The General Elections Commission (, abbreviated as KPU) is the body that organises elections in Indonesia. Its responsibilities include deciding which parties can contest elections, organising the voting and announcing the results and seats won in the various branches of the government.

History

Following the fall of President Suharto and the end of Indonesia's authoritarian New Order, as a result of public pressure, President Habibie brought forward the general elections planned for 2002 to 1999. On 1 February the People's Representative Council passed Law No.3/1999 on the General Election, which mandated the establishment of a "free and independent General Elections Commission comprising members of political parties and the government" to oversee the elections. The commission was then established with 53 members and former home affairs minister Rudini as chair. As a result of further public pressure, the government appointed five independent people as its representatives, including noted human rights lawyer Adnan Buyung Nasution. Other independent members included former Supreme Court judge Adi Andojo Soetjipto and political commentator  Andi Mallarangeng. The 1999 elections were held on 7 June, and were a success thanks to the management of the KPU, although 27 of the 48 parties contesting the election (all but one of which won less than 0.7% of the vote) refused to sign the KPU document reporting the results. The KPU passed the problem on to President Habibie, who declared the results valid on 26 July.

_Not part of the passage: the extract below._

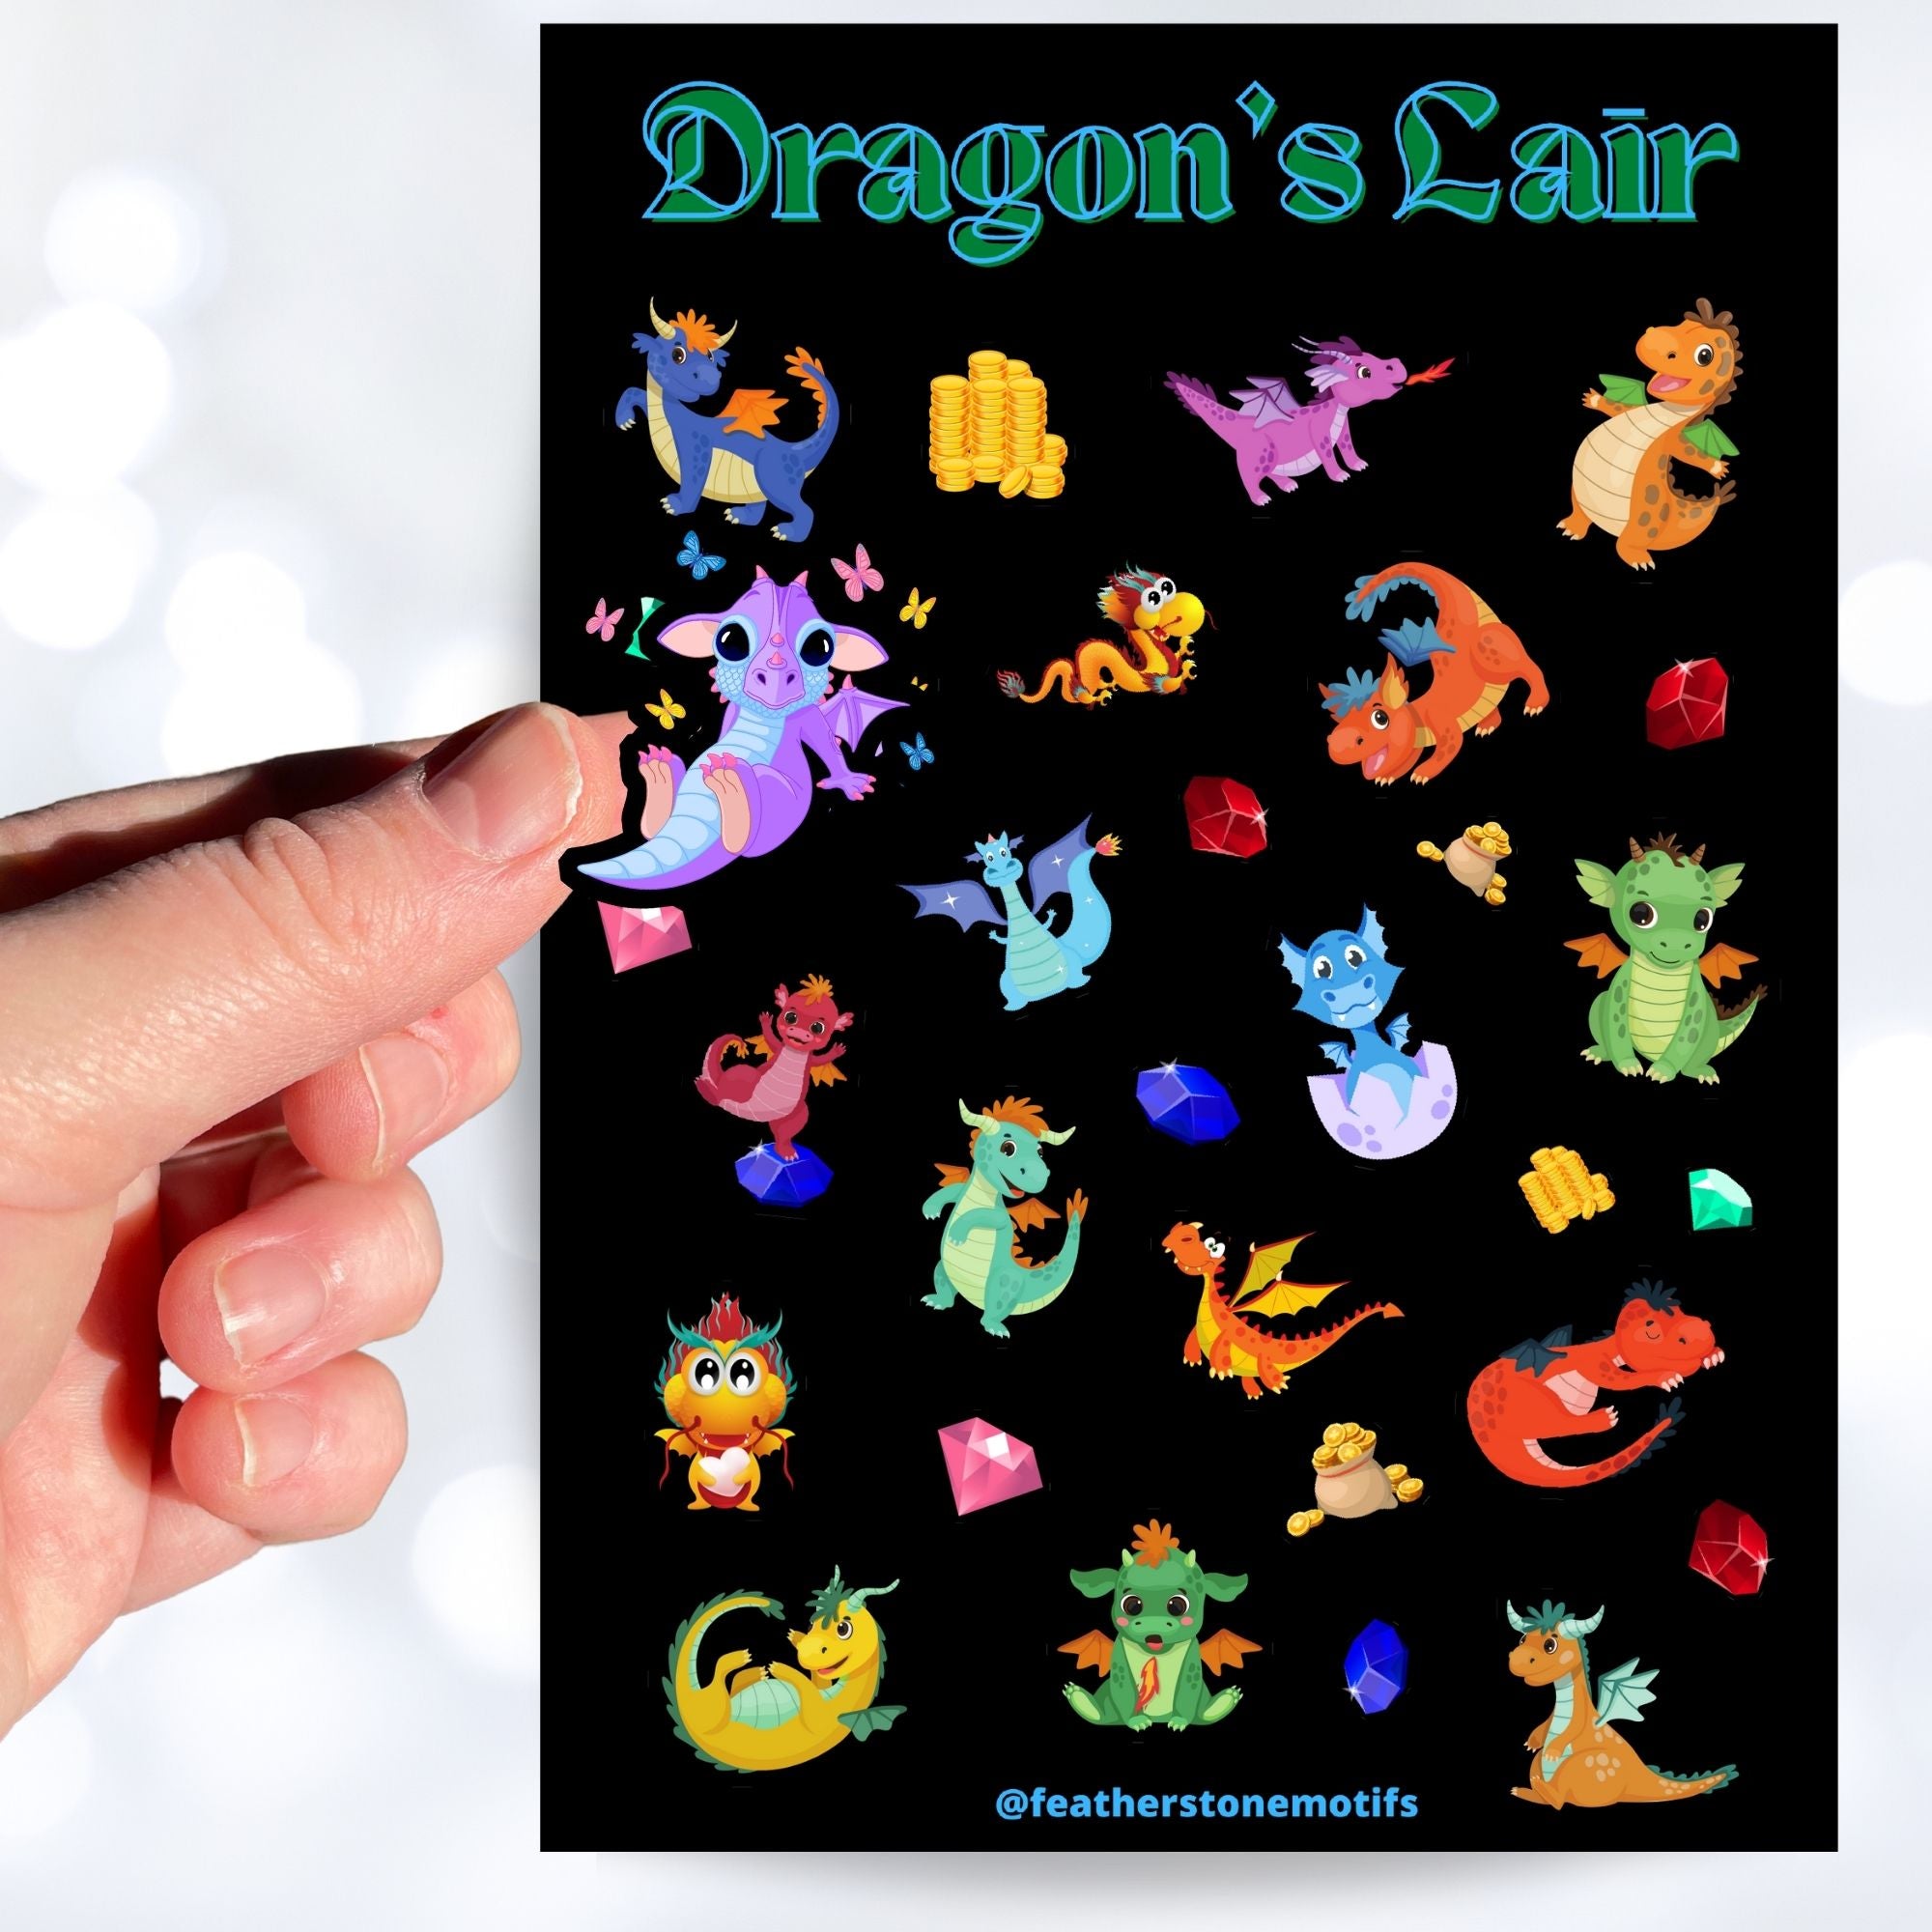 This sticker sheet is filled with cute images of baby dragons, and of course their treasure! This image shows a hand holding a sticker of a purple dragon sitting with butterflies flying around over the sticker sheet.

The second incarnation of the KPU was established on 11 April 2001 to organise the 2004 elections, but this time was made up of individuals from academia and NGOs. In 2007 the People's Representative Council (DPR) passed Law No. 22/2007, which stipulated that members of the KPU serve a five-year term. It also stated that members of the KPU would be chosen by a selection committee that together with the president would put forward a list of names to the DPR, which would conduct a fit and proper test. As a result of this process, which lasted from 21 to 30 August 2007, the initial 45 candidates were whittled down to 21, and a vote was taken by the DPR to decide on the final membership. The seven people chosen for the 2007–2012 term KPU were members of regional KPUs, academics, researchers and bureaucrats.

Headquarters
KPU central headquarters is located in a building on Jalan Imam Bonjol 29, Central Jakarta. The building, designed by architect A.W. Gmelig Meyling, was completed in 1955 and was among the first to be built in the post-war architecture style in Indonesia. It was described as "impressive" at its completion. The building was originally used for the office of the National Horticulture Centre of the Ministry of Agriculture.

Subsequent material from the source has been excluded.